START Input

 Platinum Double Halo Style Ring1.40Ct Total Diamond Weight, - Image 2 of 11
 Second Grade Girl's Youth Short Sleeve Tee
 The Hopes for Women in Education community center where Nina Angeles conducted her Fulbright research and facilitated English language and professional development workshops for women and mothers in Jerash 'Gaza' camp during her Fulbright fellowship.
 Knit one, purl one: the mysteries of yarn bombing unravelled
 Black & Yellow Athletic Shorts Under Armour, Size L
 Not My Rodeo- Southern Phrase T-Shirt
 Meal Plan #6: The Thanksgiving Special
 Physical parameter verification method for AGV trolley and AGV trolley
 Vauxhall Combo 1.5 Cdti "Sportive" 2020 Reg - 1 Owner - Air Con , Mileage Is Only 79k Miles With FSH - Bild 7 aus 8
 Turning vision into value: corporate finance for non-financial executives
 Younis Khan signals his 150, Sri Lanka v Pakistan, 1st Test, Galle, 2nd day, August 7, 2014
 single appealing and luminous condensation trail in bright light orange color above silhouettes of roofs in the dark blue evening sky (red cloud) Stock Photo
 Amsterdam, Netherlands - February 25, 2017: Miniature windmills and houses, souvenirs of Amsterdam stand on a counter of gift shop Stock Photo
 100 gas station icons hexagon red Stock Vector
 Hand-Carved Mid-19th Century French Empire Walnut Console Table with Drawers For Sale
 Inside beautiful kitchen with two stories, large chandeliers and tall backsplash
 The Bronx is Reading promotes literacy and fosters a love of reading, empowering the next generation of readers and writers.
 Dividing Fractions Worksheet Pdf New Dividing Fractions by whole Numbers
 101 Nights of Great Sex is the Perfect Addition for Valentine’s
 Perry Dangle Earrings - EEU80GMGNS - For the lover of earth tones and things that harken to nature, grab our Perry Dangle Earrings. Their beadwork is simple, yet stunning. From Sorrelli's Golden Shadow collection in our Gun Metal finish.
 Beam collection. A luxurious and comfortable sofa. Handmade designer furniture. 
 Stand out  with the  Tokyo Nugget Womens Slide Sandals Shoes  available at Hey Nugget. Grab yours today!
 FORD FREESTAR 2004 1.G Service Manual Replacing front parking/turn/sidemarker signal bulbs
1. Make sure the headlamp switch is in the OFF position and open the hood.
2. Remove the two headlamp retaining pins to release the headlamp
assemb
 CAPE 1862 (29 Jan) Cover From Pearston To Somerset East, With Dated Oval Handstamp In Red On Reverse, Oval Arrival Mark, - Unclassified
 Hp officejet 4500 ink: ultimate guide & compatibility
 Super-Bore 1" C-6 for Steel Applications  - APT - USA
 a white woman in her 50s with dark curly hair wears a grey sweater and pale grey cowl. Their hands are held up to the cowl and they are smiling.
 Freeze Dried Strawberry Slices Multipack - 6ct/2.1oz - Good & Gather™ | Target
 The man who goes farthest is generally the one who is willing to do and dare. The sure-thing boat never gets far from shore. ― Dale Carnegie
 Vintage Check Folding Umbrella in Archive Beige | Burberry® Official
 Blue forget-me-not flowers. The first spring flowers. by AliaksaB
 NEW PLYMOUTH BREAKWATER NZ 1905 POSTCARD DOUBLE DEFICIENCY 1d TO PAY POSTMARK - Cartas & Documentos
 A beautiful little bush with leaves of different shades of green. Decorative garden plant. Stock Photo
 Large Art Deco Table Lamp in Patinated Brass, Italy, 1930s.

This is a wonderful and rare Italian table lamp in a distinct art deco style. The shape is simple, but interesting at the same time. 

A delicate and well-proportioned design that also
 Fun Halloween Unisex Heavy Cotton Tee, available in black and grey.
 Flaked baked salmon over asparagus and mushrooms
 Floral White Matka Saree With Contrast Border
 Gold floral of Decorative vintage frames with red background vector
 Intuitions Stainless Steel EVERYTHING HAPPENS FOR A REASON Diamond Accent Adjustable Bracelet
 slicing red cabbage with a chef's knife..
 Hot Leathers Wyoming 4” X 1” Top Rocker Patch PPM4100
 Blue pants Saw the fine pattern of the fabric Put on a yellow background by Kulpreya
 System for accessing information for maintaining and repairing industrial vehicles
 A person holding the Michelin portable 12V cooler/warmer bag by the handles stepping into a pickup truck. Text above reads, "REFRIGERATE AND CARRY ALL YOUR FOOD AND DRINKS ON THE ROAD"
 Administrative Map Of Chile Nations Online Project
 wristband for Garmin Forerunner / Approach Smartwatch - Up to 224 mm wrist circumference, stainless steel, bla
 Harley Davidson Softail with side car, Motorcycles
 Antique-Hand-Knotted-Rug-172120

END Input

▸ **What you will do**: An exact copy of the lines from the one with "wristband for Garmin" through the last line of the listing is the whole answer.

▸ **Expected answer**:
 wristband for Garmin Forerunner / Approach Smartwatch - Up to 224 mm wrist circumference, stainless steel, bla
 Harley Davidson Softail with side car, Motorcycles
 Antique-Hand-Knotted-Rug-172120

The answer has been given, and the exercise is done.